═══ Material for the task ═══

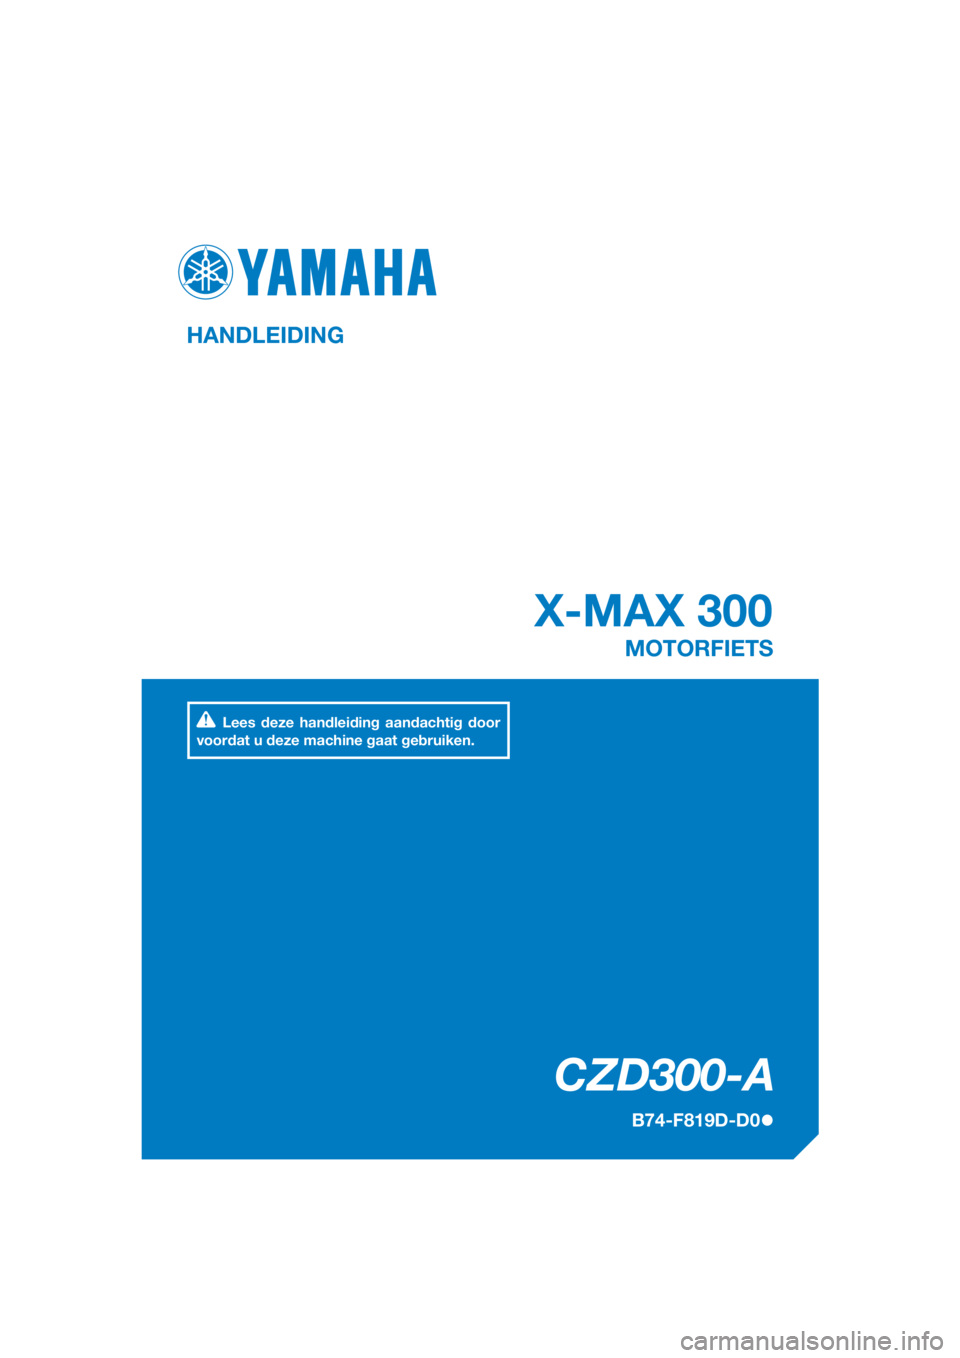 YAMAHA XMAX 300 2017  Instructieboekje (in Dutch) DIC183
CZD300-A
X-MAX 300
HANDLEIDING
B74-F819D-D0
MOTORFIETS
Lees deze handleiding aandachtig door 
voordat u deze machine gaat gebruiken.
[Dutch  (D)]

═══

In the reply, every line of the material above is to be reproduced verbatim, and the images are to be left out.

- _Finished exercise_
 YAMAHA XMAX 300 2017  Instructieboekje (in Dutch) DIC183
CZD300-A
X-MAX 300
HANDLEIDING
B74-F819D-D0
MOTORFIETS
Lees deze handleiding aandachtig door 
voordat u deze machine gaat gebruiken.
[Dutch  (D)]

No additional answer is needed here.